Tanto tiempo lleva anticipándose este fin del mundo que ya aburre, además de que sus explicaciones son tan intrincadas que desalientan al más entusiasta... aunque no: bien sé que sobran quienes lo encuentran perfectamente comprensible y verosímil, y que están alistándose con esmero para el cataclismo cósmico: la fascinante cultura de los preppers, por ejemplo, que por todo el planeta toman previsiones según la paradójica certeza de que el mundo podrá acabarse, pero ellos sobrevivirán: almacenan víveres, construyen refugios subterráneos, se adiestran en técnicas de autosuficiencia agrícola o pecuaria, hacen simulacros en familia para ponerse a toda velocidad las máscaras antigás o para escapar de la radiación, han hallado cómo volver agua potable su orina y tienen un rifle automático sobre el regazo, esperando a los intrusos que llegarán.
Sin embargo, por tedioso que resulte el cuento, yo no dejo de sorprenderme en suspenso cada que sale el tema, ni consigo apagar de inmediato con un manotazo de raciocinio —o de cinismo, tan útil ante la necedad como la serenidad científica— la brasita inextinguible de la pregunta: «¿Y si sí se acaba?». Y es que no es el primer apocalipsis que me toca vivir.

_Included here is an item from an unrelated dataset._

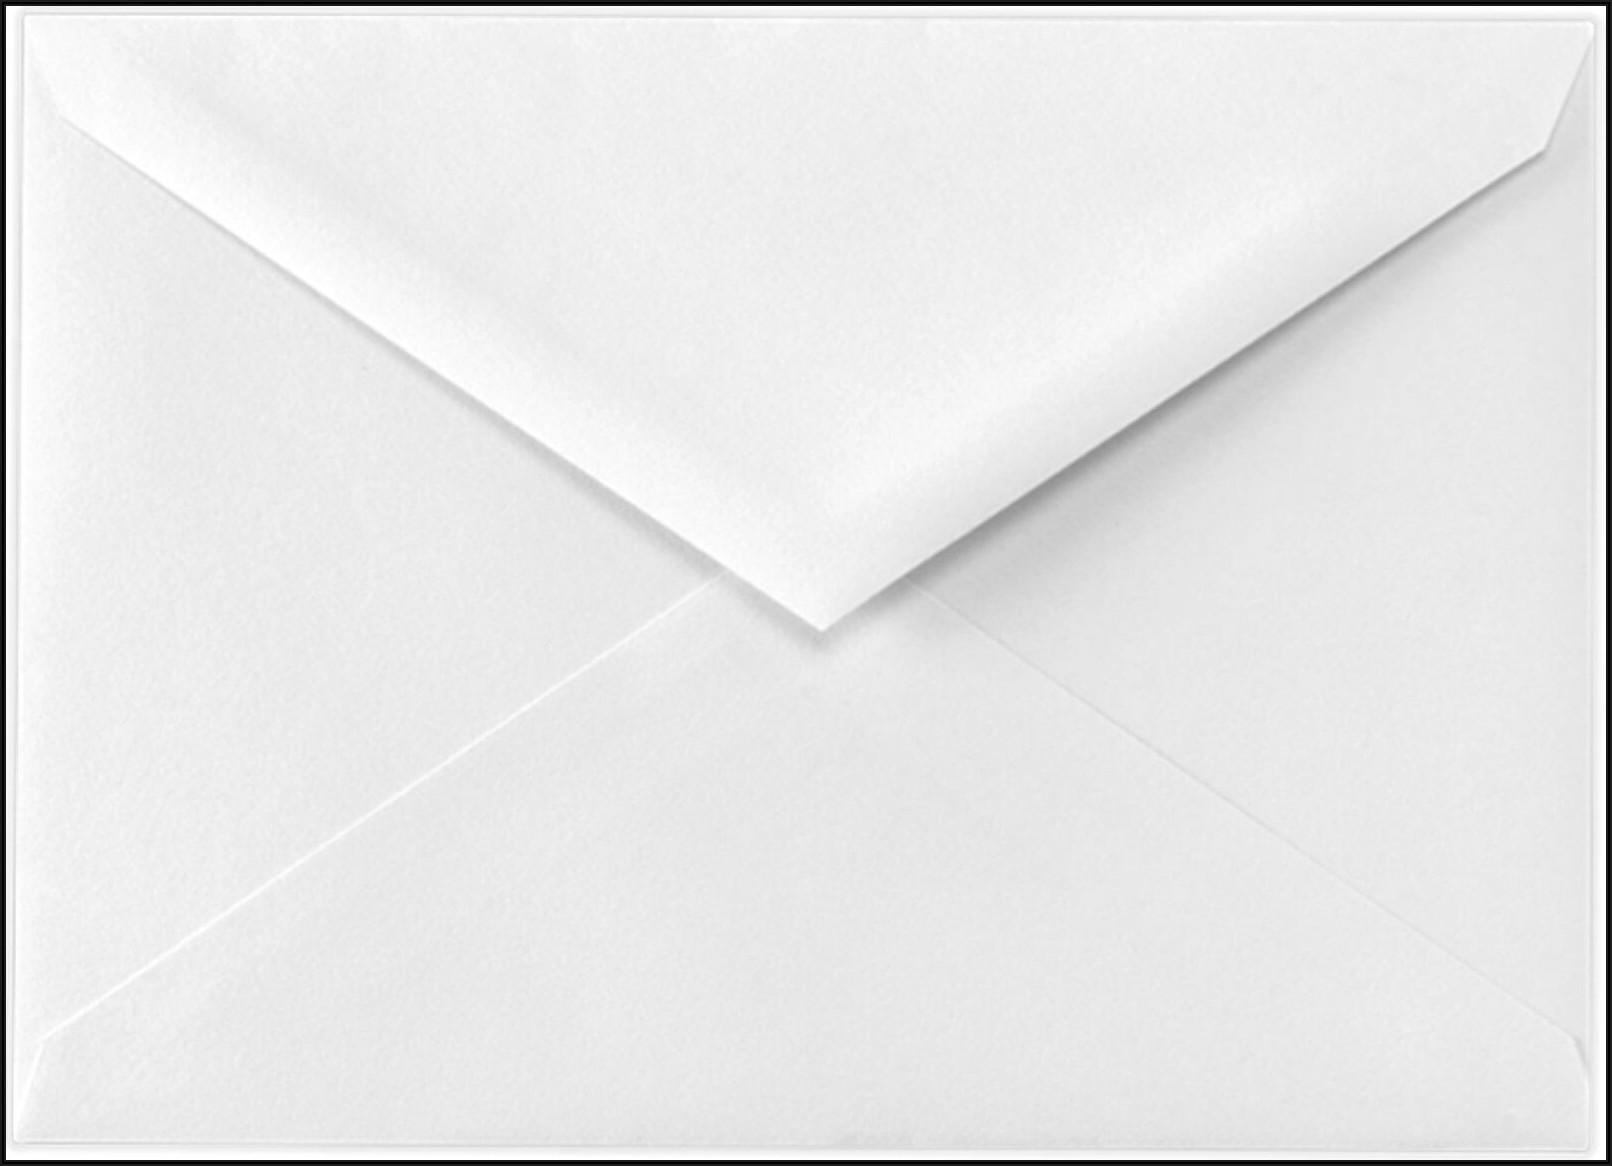 4 Bar Envelope Size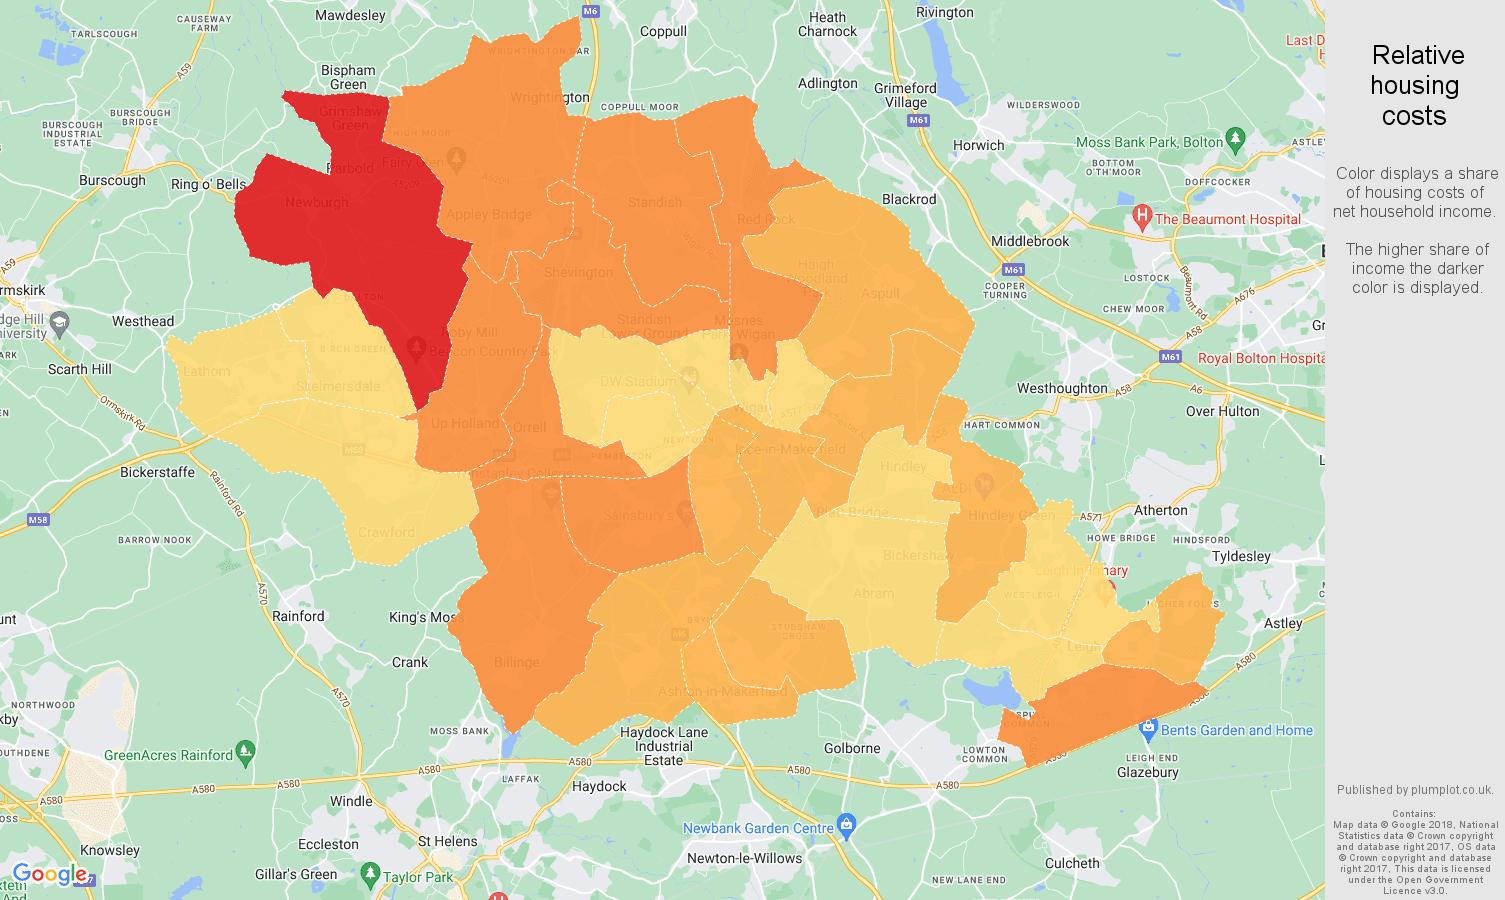 Wigan relative housing costs map

Habrá sido a finales de los años setenta cuando cundió también la noticia, si bien, a diferencia de la versión actual (esta excéntrica interpretación de las ocurrencias de los mayas), más bien como una variante de la escatología cristiana: posiblemente se trataba de una admonición desprendida del «mensaje de Fátima» que circuló ampliamente, supongo que consentida o incluso alentada por la primaria católica en que estudiaba: Diosito ya iba a terminar con todo porque no teníamos remedio, caería un diluvio de fuego, la luna estaría empapada en sangre, vendría el Juicio Final, nos aguardaba el infierno llameante y eterno si no alcanzábamos a enmendarnos en el poco tiempo que nos quedaba. No recuerdo si había, como ahora, una fecha precisa, pero sí que era inminente, y a mis seis o siete años me angustiaba horriblemente. Las que tuve por consiguiente debieron ser las peores pesadillas de mi vida. Y ahora, sí, mucha risa con el fin del mundo y mucho cotorreo, pero ¿estamos cuidando que los niños lo entiendan así? Porque podrá haber alguno que, a solas con su imaginación, esté muy seriamente aterrado. No creo que esté de más averiguar, con los que anden en nuestras inmediaciones, cómo están tomándoselo, y explicarles. Yo estaría muy agradecido si alguien lo hubiera hecho conmigo y me hubiera ahorrado aquel miedo —que habrá podido apaciguarse cuando vi que el Sol seguía saliendo, pero que, como todo miedo, se había instilado injustamente en mi comprensión infantil, quién sabe con qué consecuencias.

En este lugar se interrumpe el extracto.